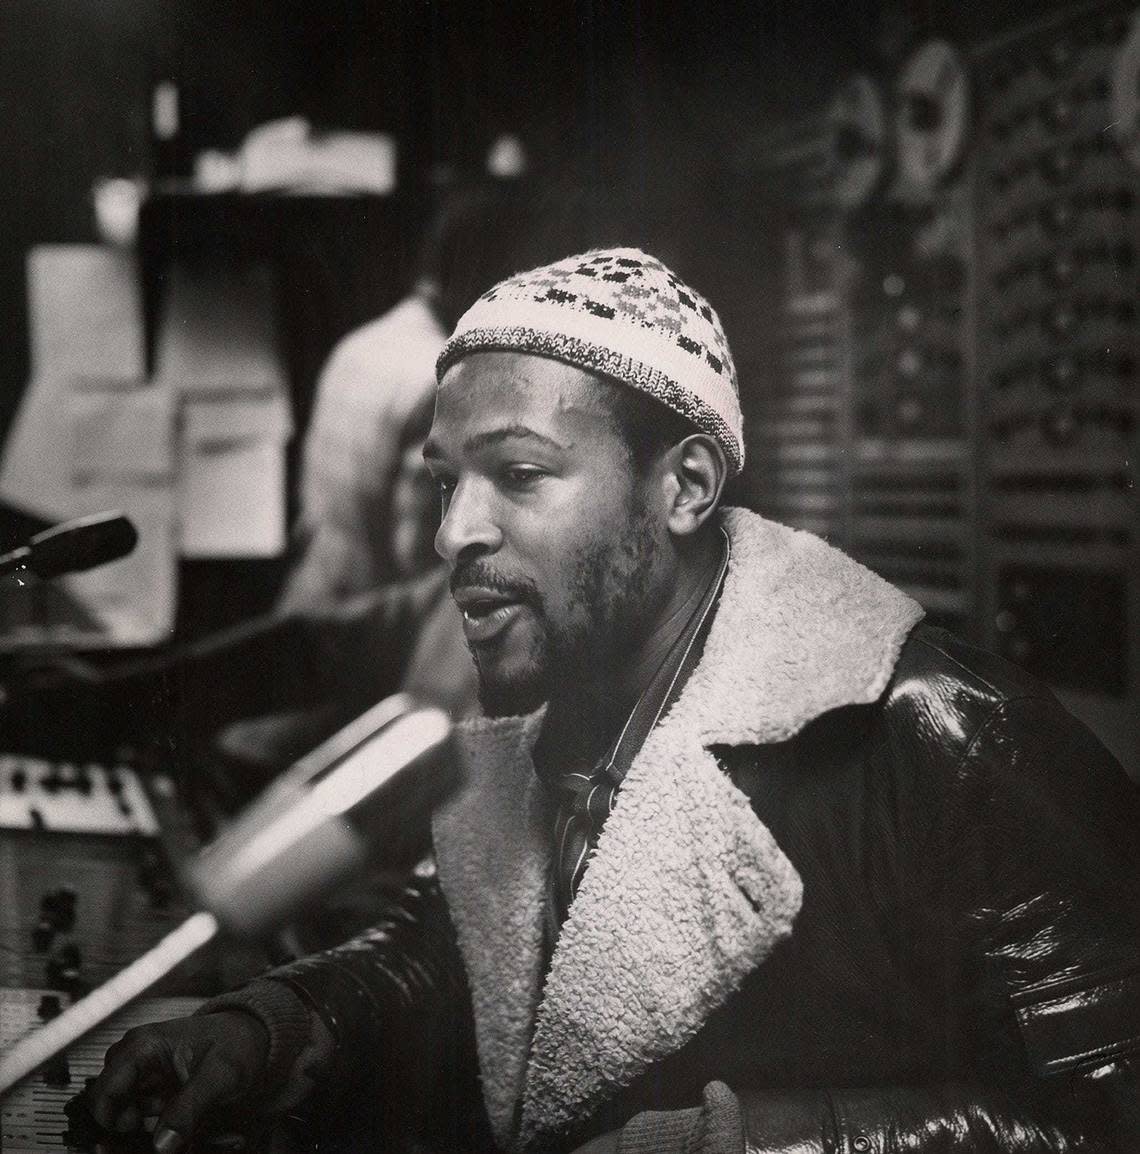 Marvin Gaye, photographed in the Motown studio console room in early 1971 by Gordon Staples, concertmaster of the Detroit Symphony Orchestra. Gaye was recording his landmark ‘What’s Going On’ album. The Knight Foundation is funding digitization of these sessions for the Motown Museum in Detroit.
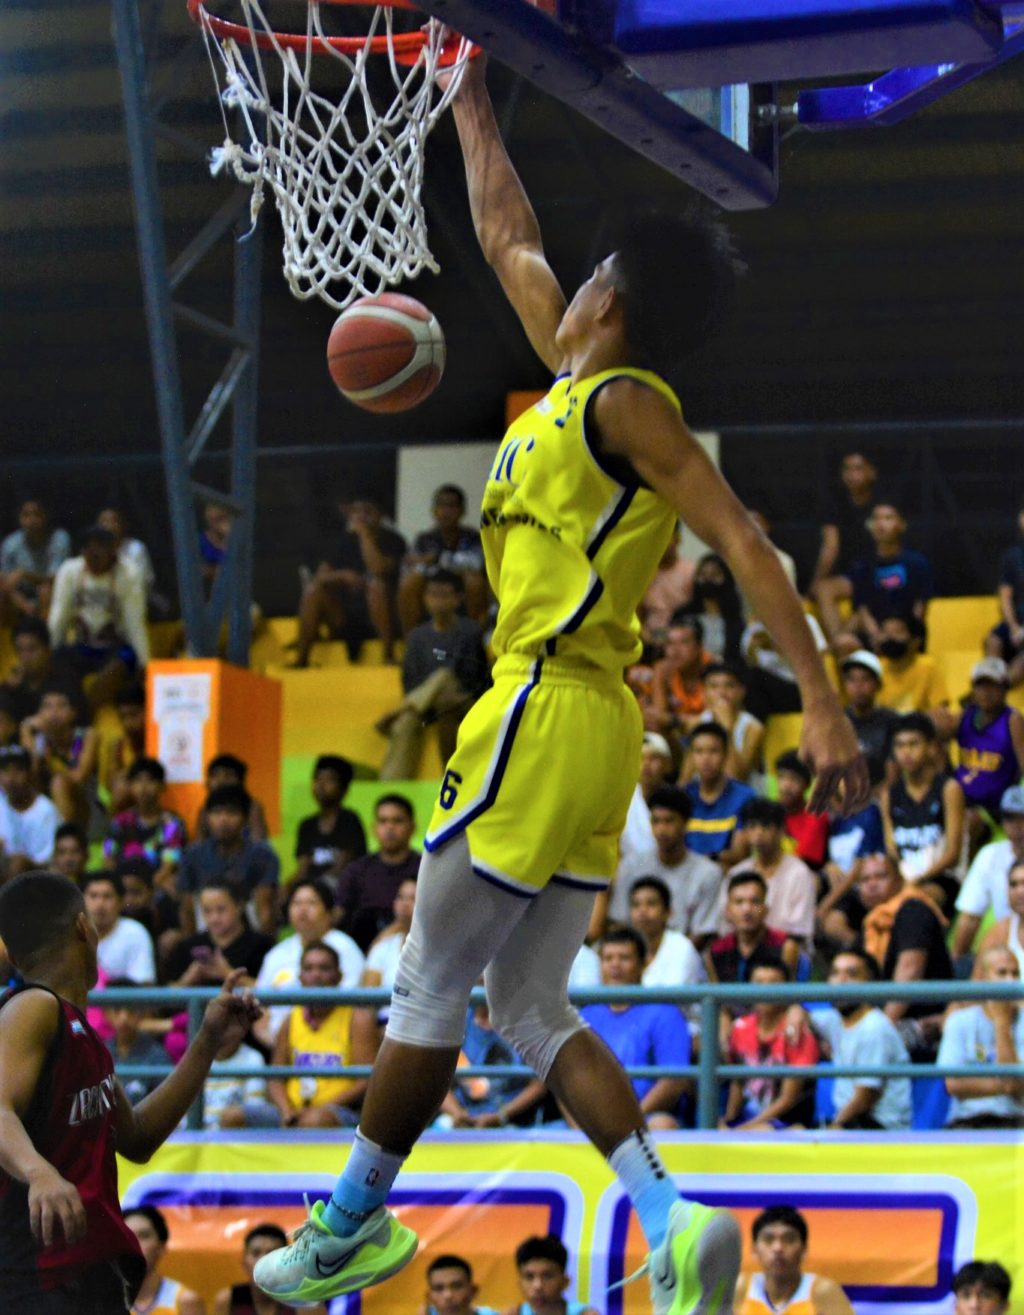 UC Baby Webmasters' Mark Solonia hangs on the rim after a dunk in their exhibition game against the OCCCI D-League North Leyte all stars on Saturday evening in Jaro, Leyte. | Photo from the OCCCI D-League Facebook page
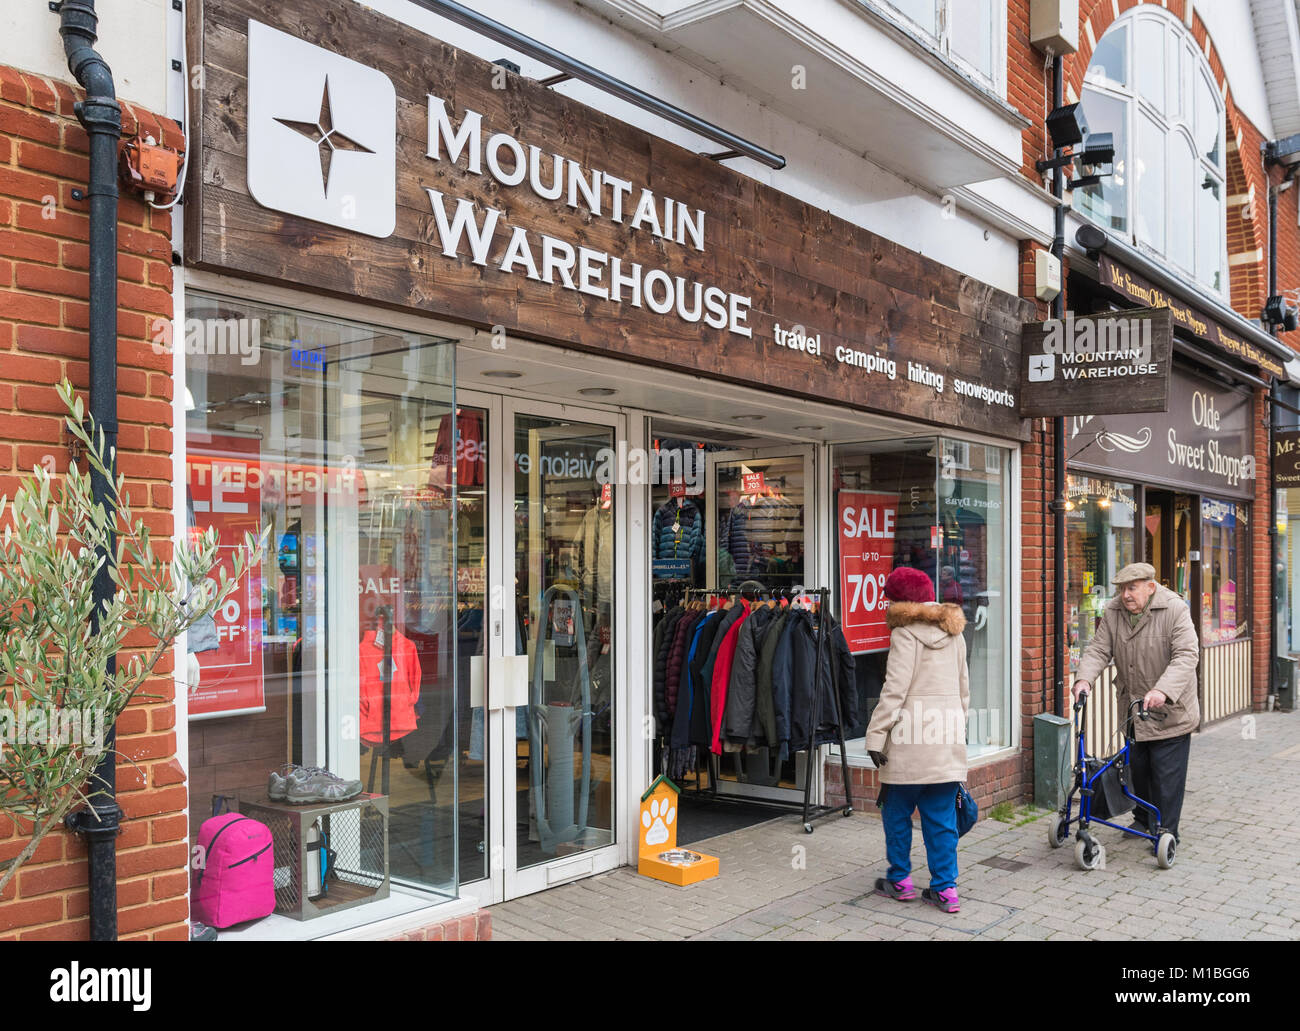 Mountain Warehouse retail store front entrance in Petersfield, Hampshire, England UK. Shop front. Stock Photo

+===+

◆ **Prompt**: In your copy of the listing, please omit the pictures and keep every word exact.

◆ **Exercise answer**:
 Marvin Gaye, photographed in the Motown studio console room in early 1971 by Gordon Staples, concertmaster of the Detroit Symphony Orchestra. Gaye was recording his landmark ‘What’s Going On’ album. The Knight Foundation is funding digitization of these sessions for the Motown Museum in Detroit.
 UC Baby Webmasters' Mark Solonia hangs on the rim after a dunk in their exhibition game against the OCCCI D-League North Leyte all stars on Saturday evening in Jaro, Leyte. | Photo from the OCCCI D-League Facebook page
 Mountain Warehouse retail store front entrance in Petersfield, Hampshire, England UK. Shop front. Stock Photo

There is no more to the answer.